### Task to complete
What you return must match the listing below line for line, minus its pictures.

─── Data ───

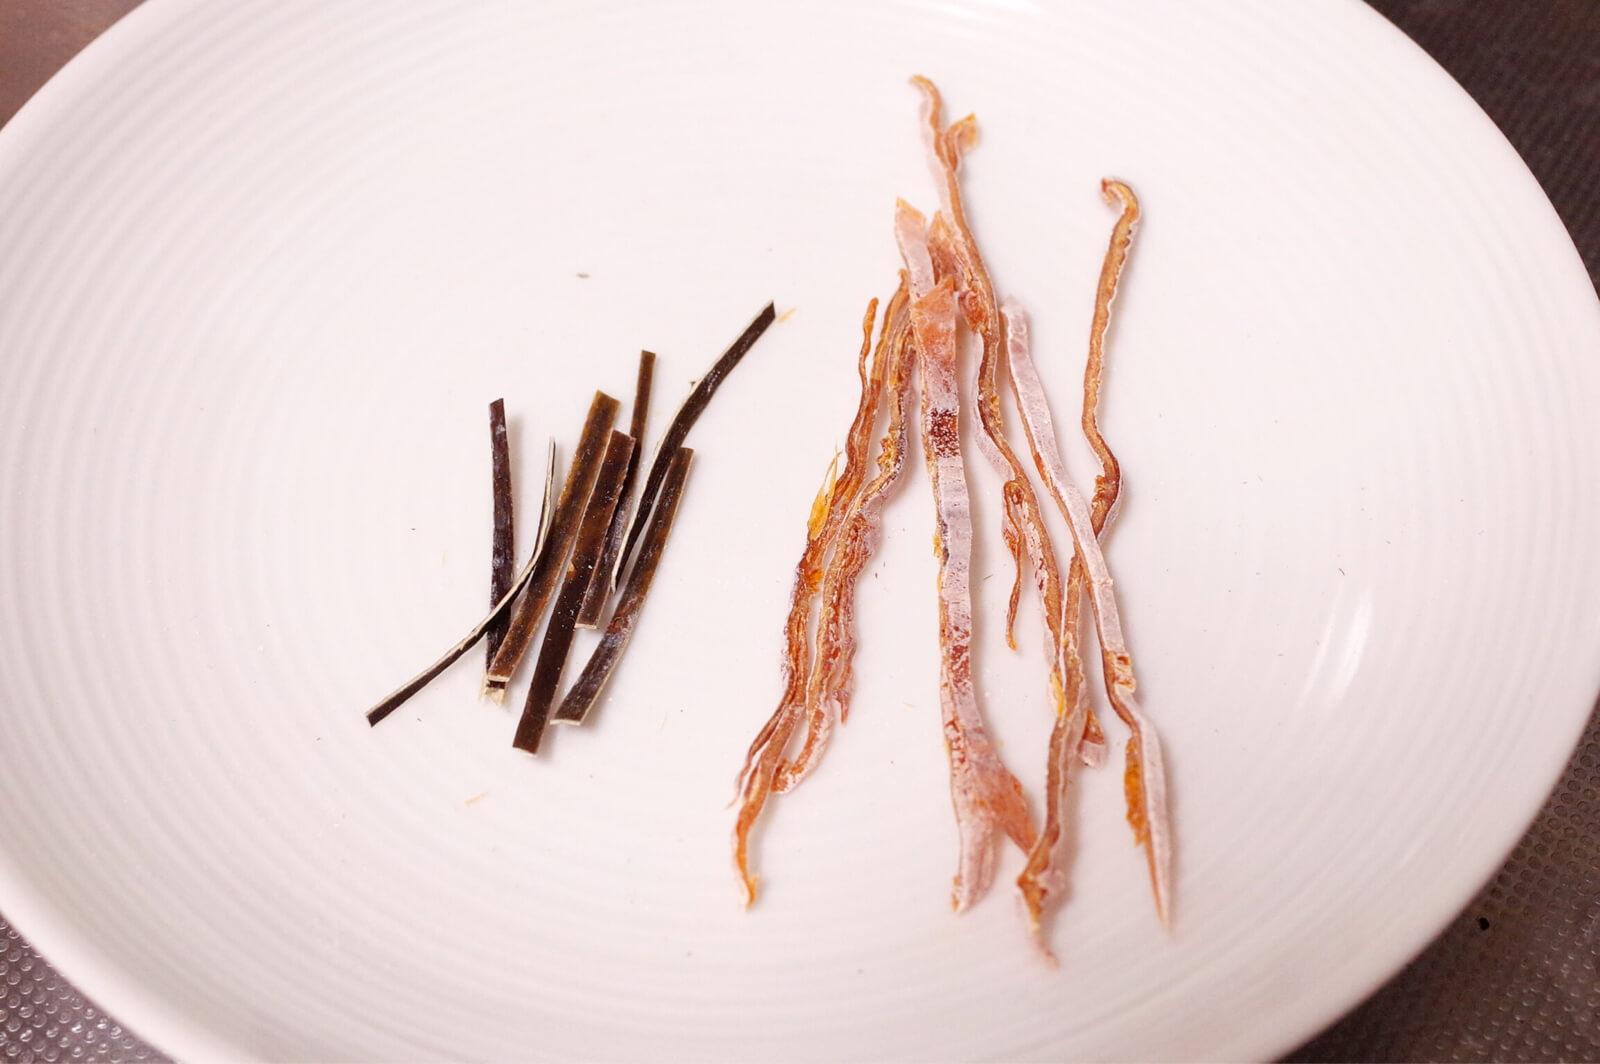 ツヴィリング 料理バサミ スルメ 昆布
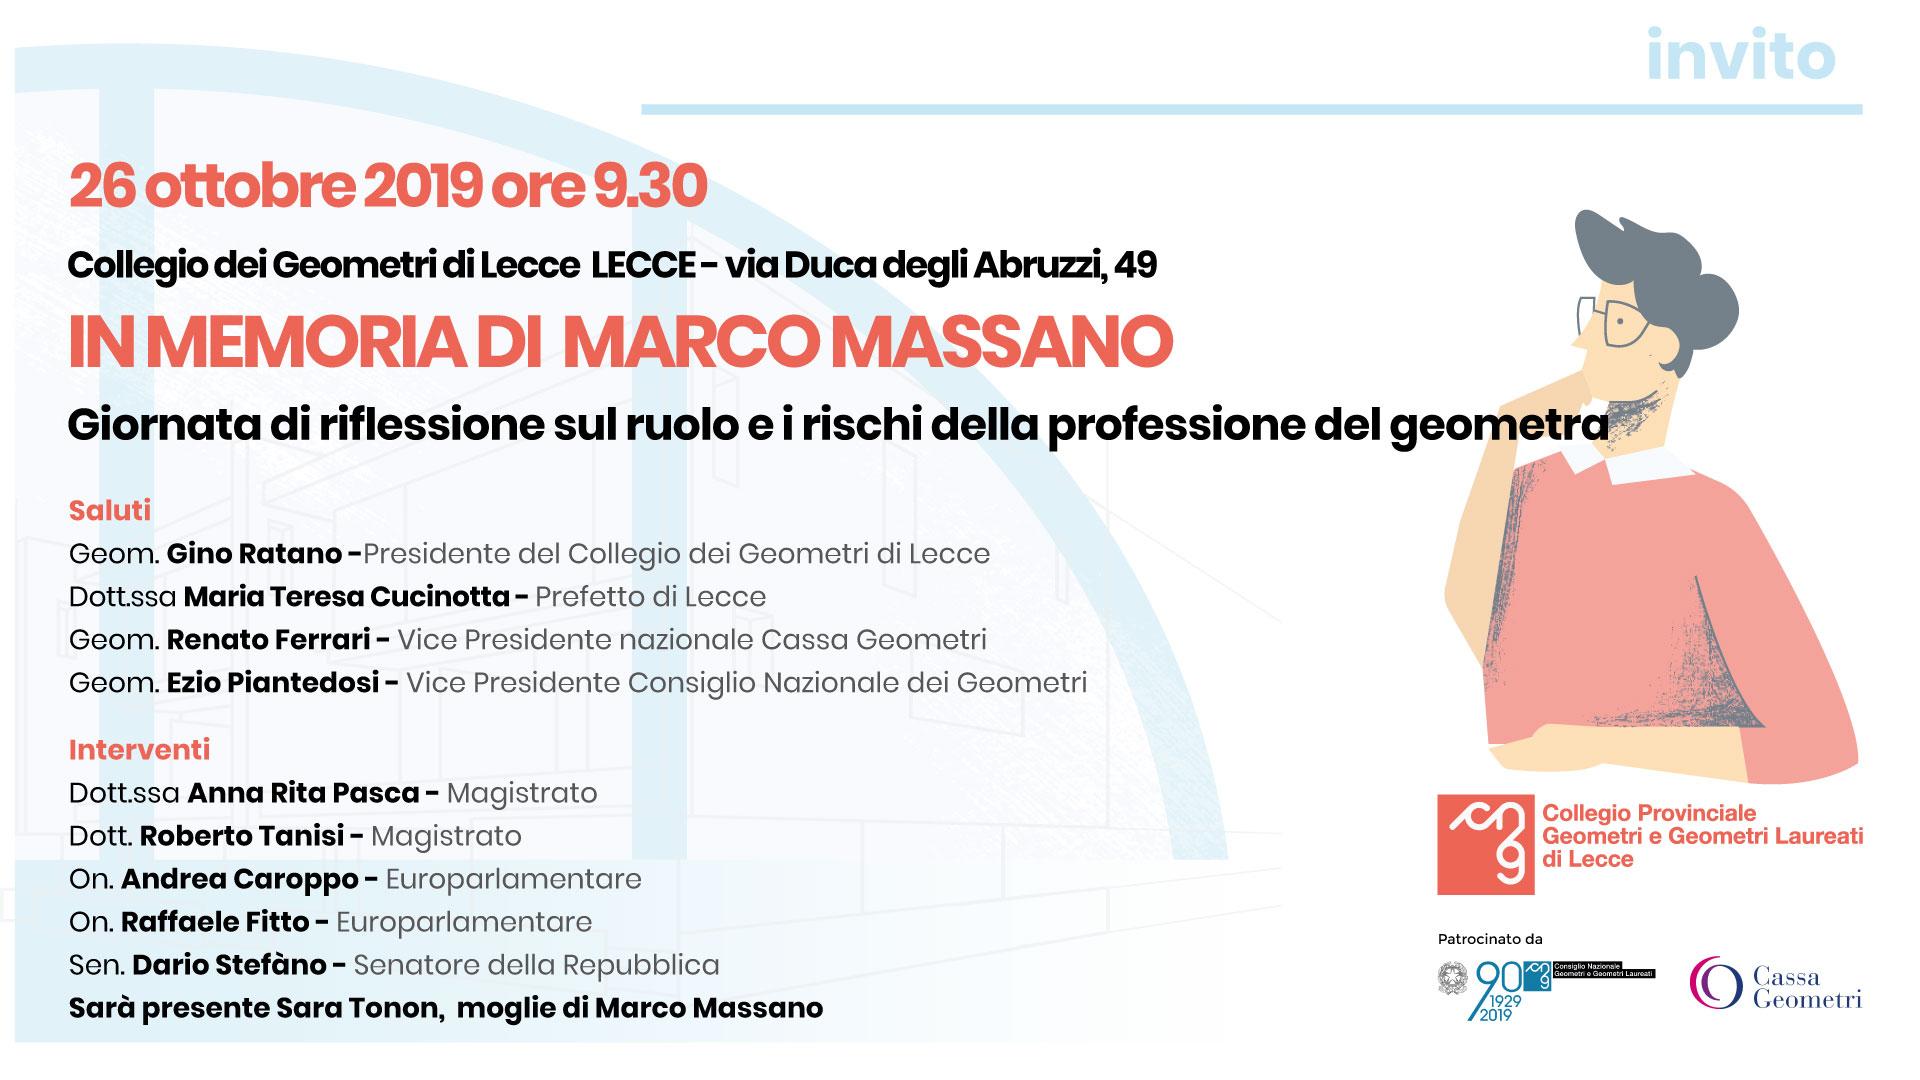 invito_convegno_marco_massano.jpg
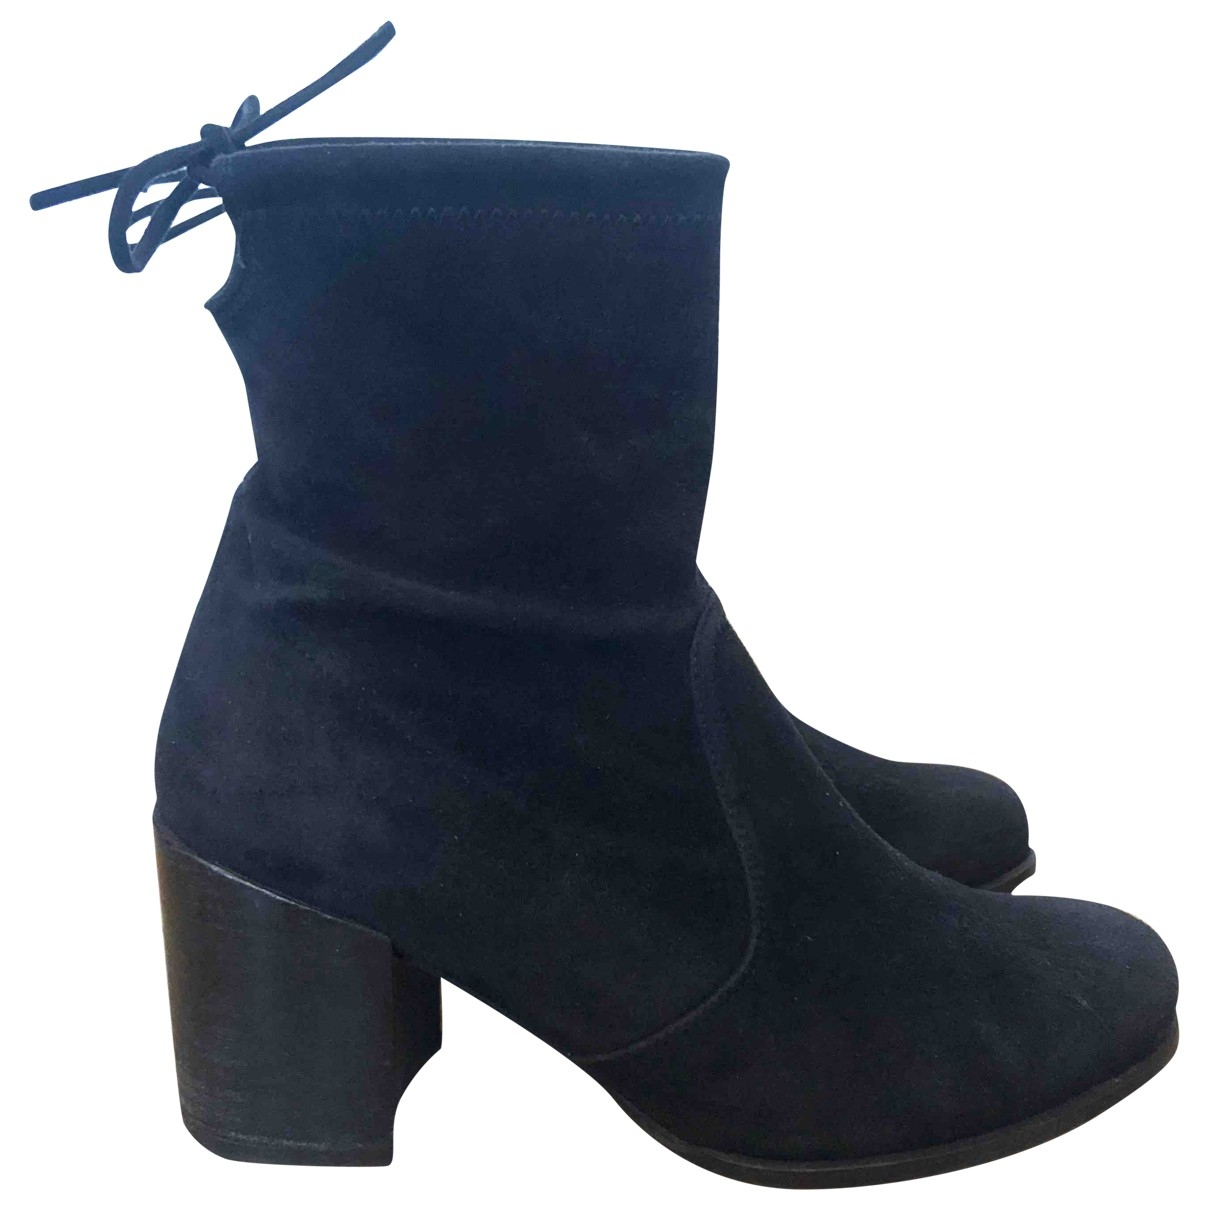 Stuart Weitzman - Boots   pour femme en suede - noir

───

### Solution for this problem
 ツヴィリング 料理バサミ スルメ 昆布
 invito_convegno_marco_massano.jpg
 Stuart Weitzman - Boots   pour femme en suede - noir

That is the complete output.